For the past month, the entire right-wing and even far-right media sphere has been blathering about a dictatorship that survives only on the “hatred of France.” It is a classic pattern: Algiers coughs, Paris catches a cold; all it takes is for Algiers to reassert its sovereignty for Paris to scream paranoia.

What is new is that, over the last few months, Paris has found its own spokespersons: two writers, each in his own genre, who have demonstrated a dedication to criticizing their country of origin with fervent and controversial statements. This devotion has morphed into outright allegiance, with their voices now feeding into the collective memory of a nostalgic France that still has not come to terms with the loss of “Papa’s Algeria.”

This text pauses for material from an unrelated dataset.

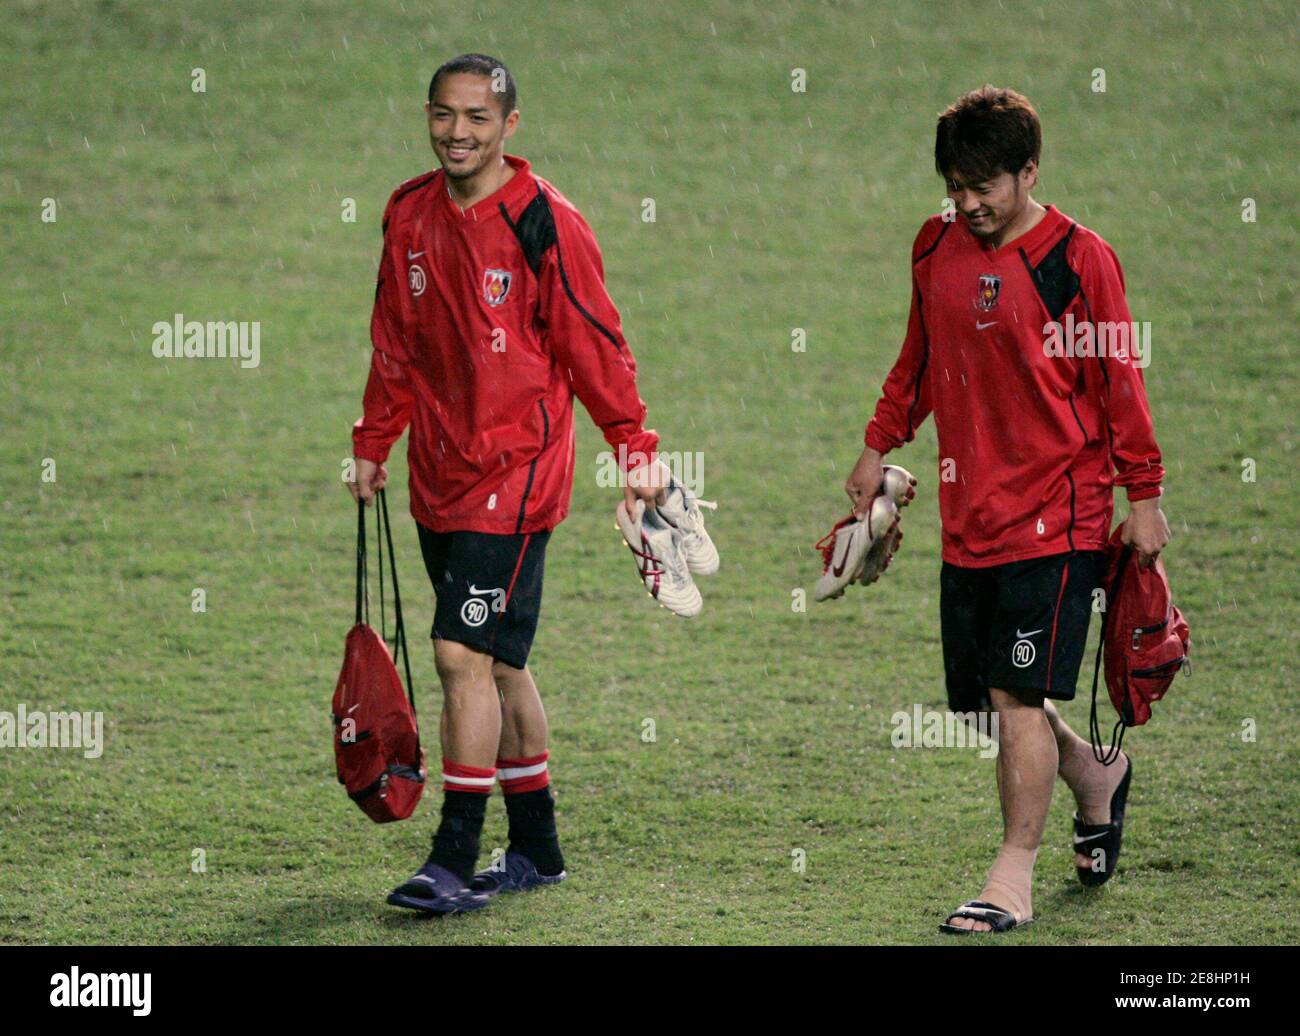 Shinji Ono (L) y la compañera de equipo Nobuhisa Yamada de los diamantes rojos de Urawa de Japón caminan bajo la lluvia durante el entrenamiento en el estadio de fútbol de Sydney 20 de marzo de 2007. Los diamantes rojos de Urawa jugarán contra el Sydney FC en el partido de fútbol de la Liga de Campeones de la Confederación Asiática de Fútbol (AFC) el 21 de marzo. REUTERS/will Burgess (AUSTRALIA) Foto de stock

Take, for instance, Sansal, who has reduced Algeria’s sacred war of independence to mere acts of “terrorism and diplomacy.” That is all this prominent writer takes away from eight years of struggle, during which Algerians wrested their independence, freeing themselves from 132 years of one of the most criminal colonial regimes in history. According to our revisionist, the Morice Line, napalm bombings, torture and the “regroupement” camps were, in his eyes, nothing more than figments of the imagination.

Incidentally, the term “regroupement camp” is a euphemism advocated by the colonial authorities during the war of independence. In fact, the term “concentration camp” was used as far back as 1904. Judge for yourself: the indigenous populations had experienced “the organized carnage and slow agony of concentration camps.” And it was a public prosecutor, Jacques Dumas, who stated this in black and white, three decades before the rise of Nazism.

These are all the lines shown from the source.